Secondary prevention:
LDL<1,8 mmol/l+ small/large LDL ratio>1: low to moderate statin dose*
LDL>1,8 mmol/L + small/large LDL ratio<1: low to moderate statin dose*
LDL>1,8 mmol/L + small/large ratio>1: high statin dose.*
LDL>1,8 mmol/L + small/large ratio>2: a combination of highest tolerable dose
of statin + cholesterol absorption inhibitor/bile acid binding resins/nicotinic
acid can be used.*

*If target level is not achieved with highest tolerable statin dose, a
combination of statin + cholesterol absorption inhibitor/bile acid binding
resins/nicotinic acid can be used.

- TG >2,3 mmol/L / HDL-C <0,88 mmol/L / Lp(a) > 0,5 g/L: can be treated with
fibrate/nicotinic acid or combination of fibrate/nicotinic acid with statin**

**When a statin-fibrates combination therapy is used, fenofibrate will be the
first option (lower myopathy incidence when fenofibrate is used compared to
other fibrates).

The outcome of the LP analysis will be accompanied by advice of a treatment
team (see protocol § 3. Study design).
In case of statin intolerance (in both the control and the intervention group)
the following lipid lowering medication can be used: bile acid binding
resins/nicotinic acid/ cholesterol absorption inhibitor (with or without bile
acid binding resins/nicotinic acid).
If the target level is not reached (in both the control and the intervention
group) the following medication can be used: combination of statin with
cholesterol absorption inhibitor/bile acid binding resins/nicotinic acid.

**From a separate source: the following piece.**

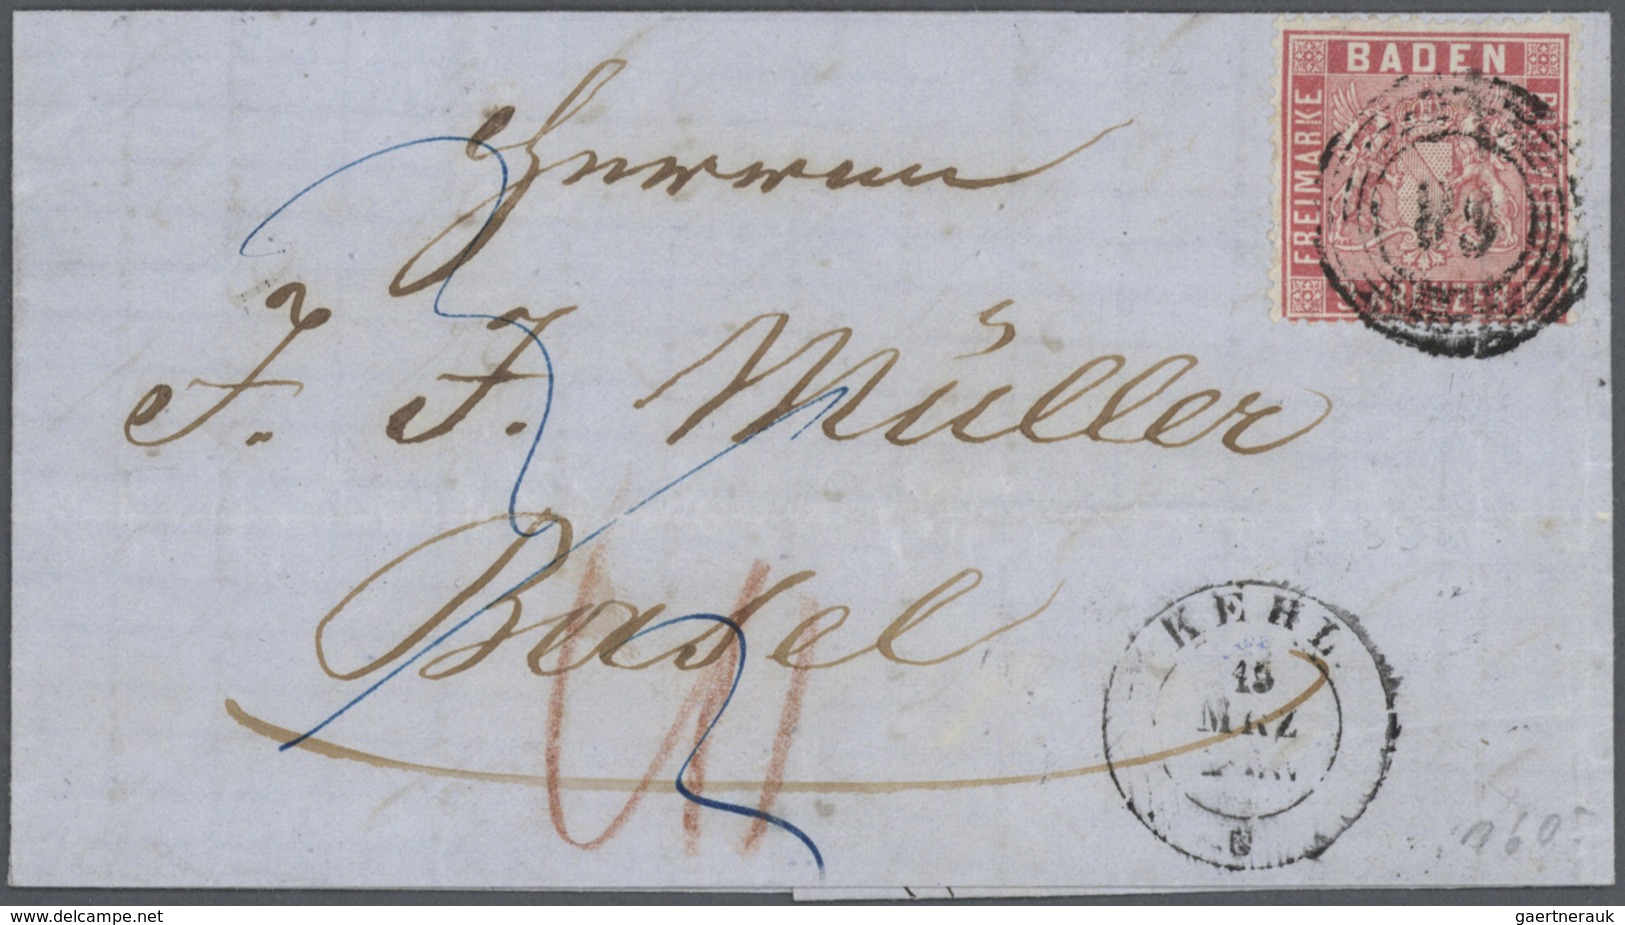 31171 Baden - Marken und Briefe: 1851/1875 (ca.) vielfältige STEMPELSAMMLUNG alphabetisch geordnet von A-Z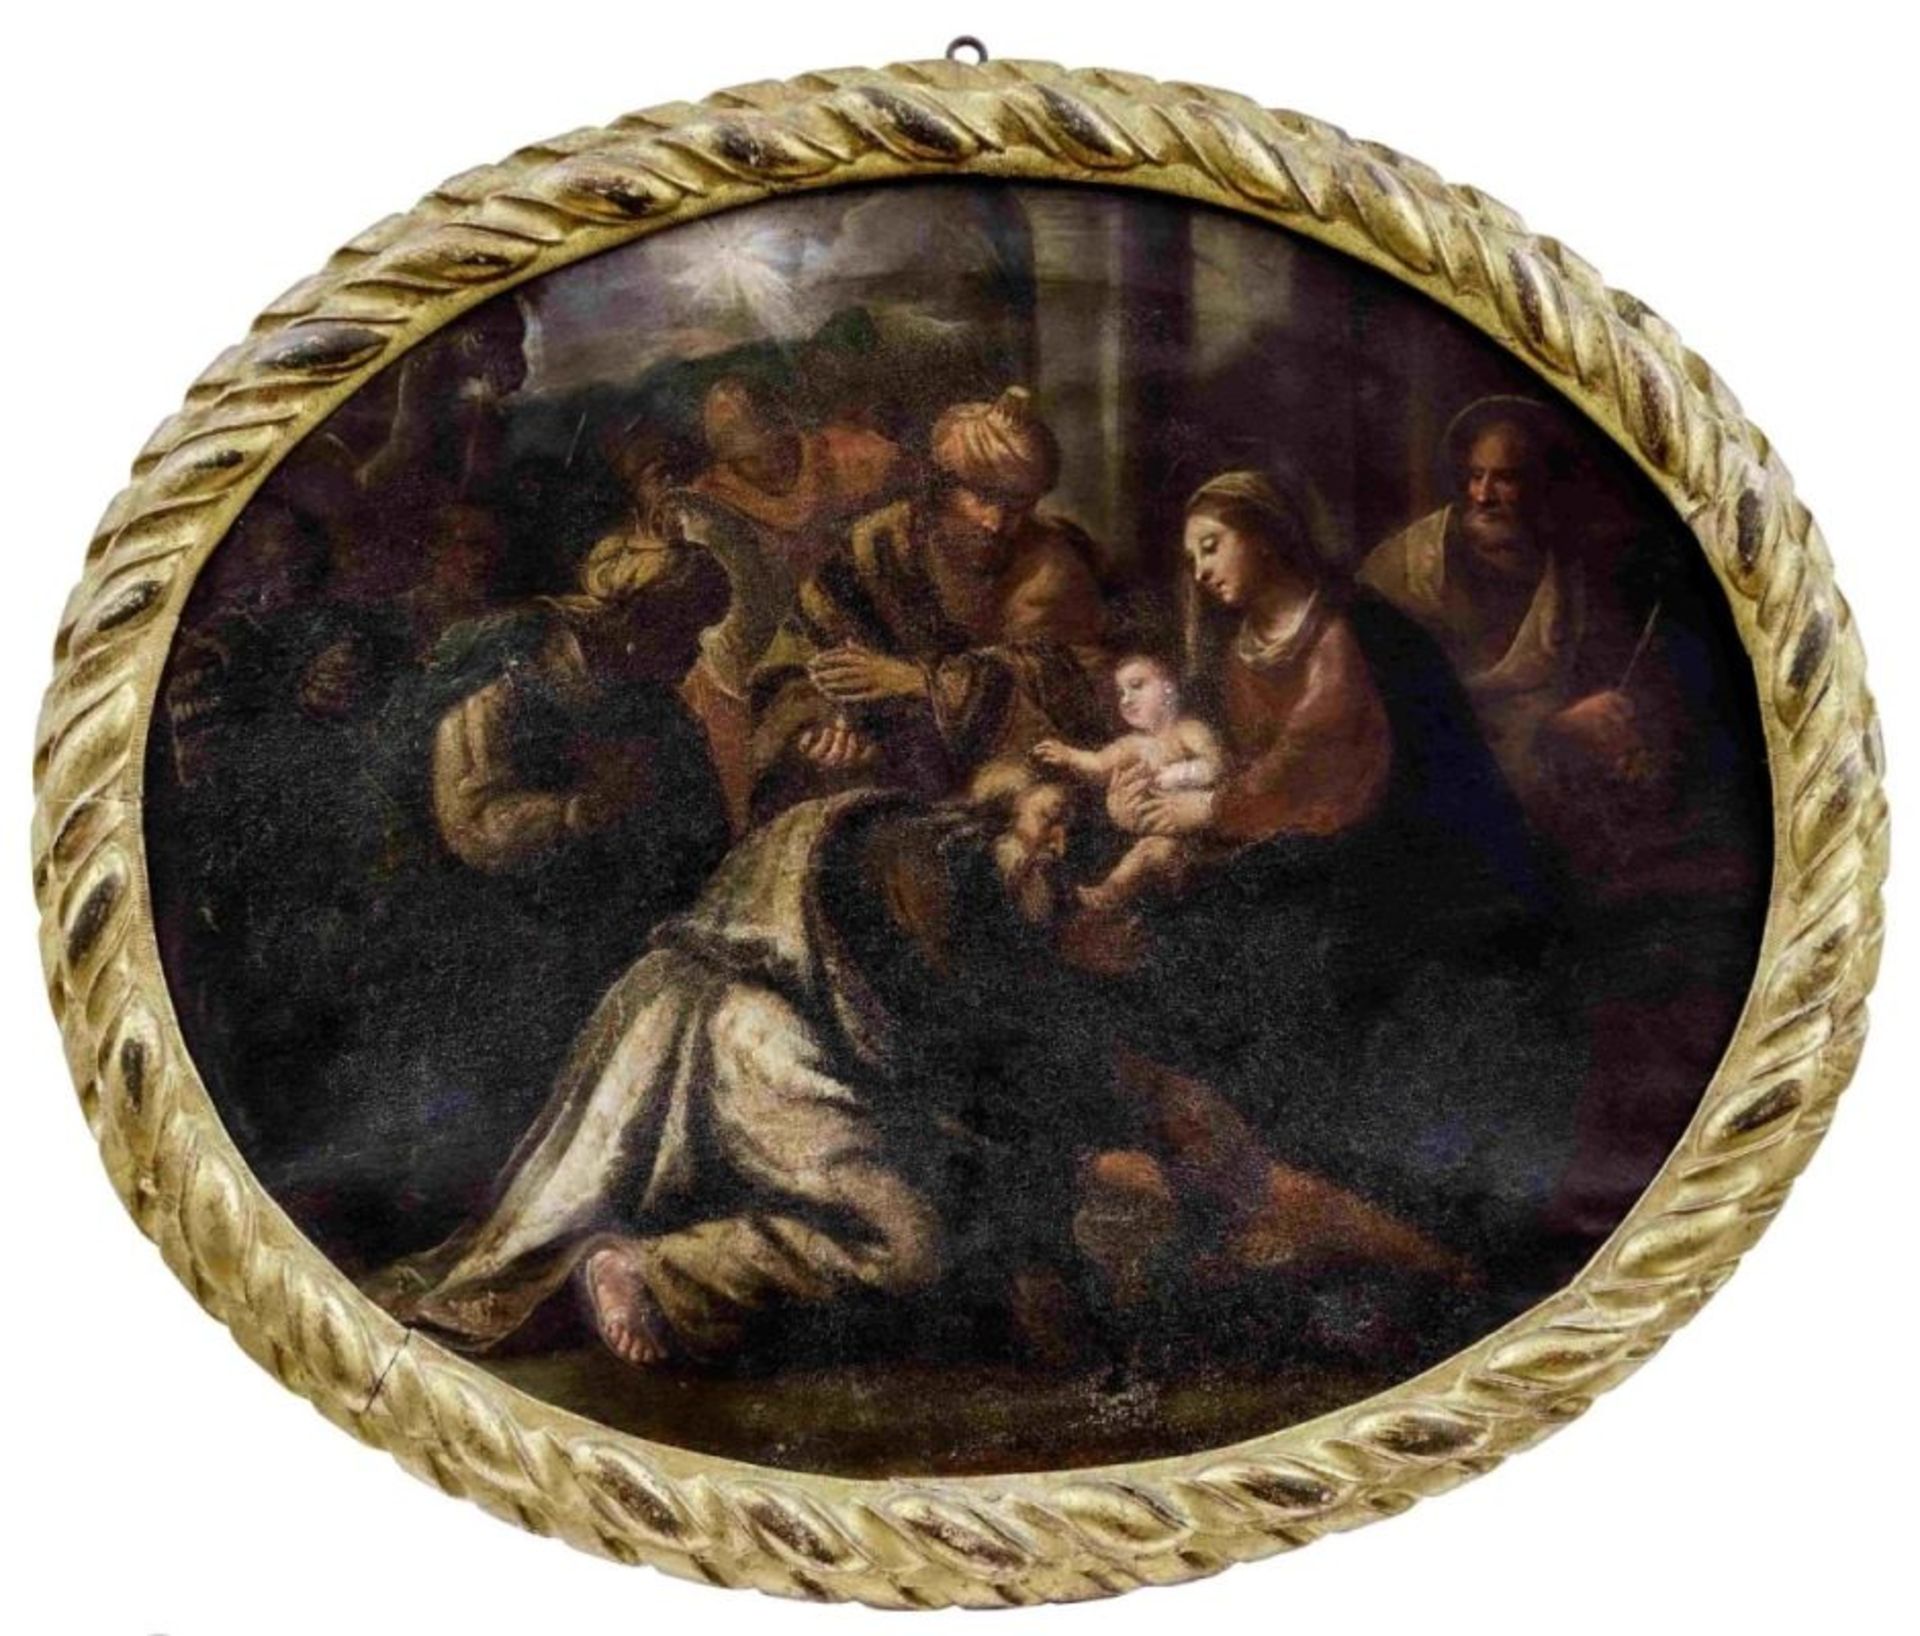 Anbetung des Jesuskindes durch die Heiligen Drei Könige, Bologneser Meister des 17. Jahrhunderts

The risk of developing CVD by T2D patients is still high even after treatment
with lipid-lowering therapy. The risk might be reduced further if the new
diagnostic method *Lipoprotein Profile* will improve risk assessment leading to
a better individualized treatment of T2D subjects and subsequently to an
increase in quality of life and cost-effectiveness.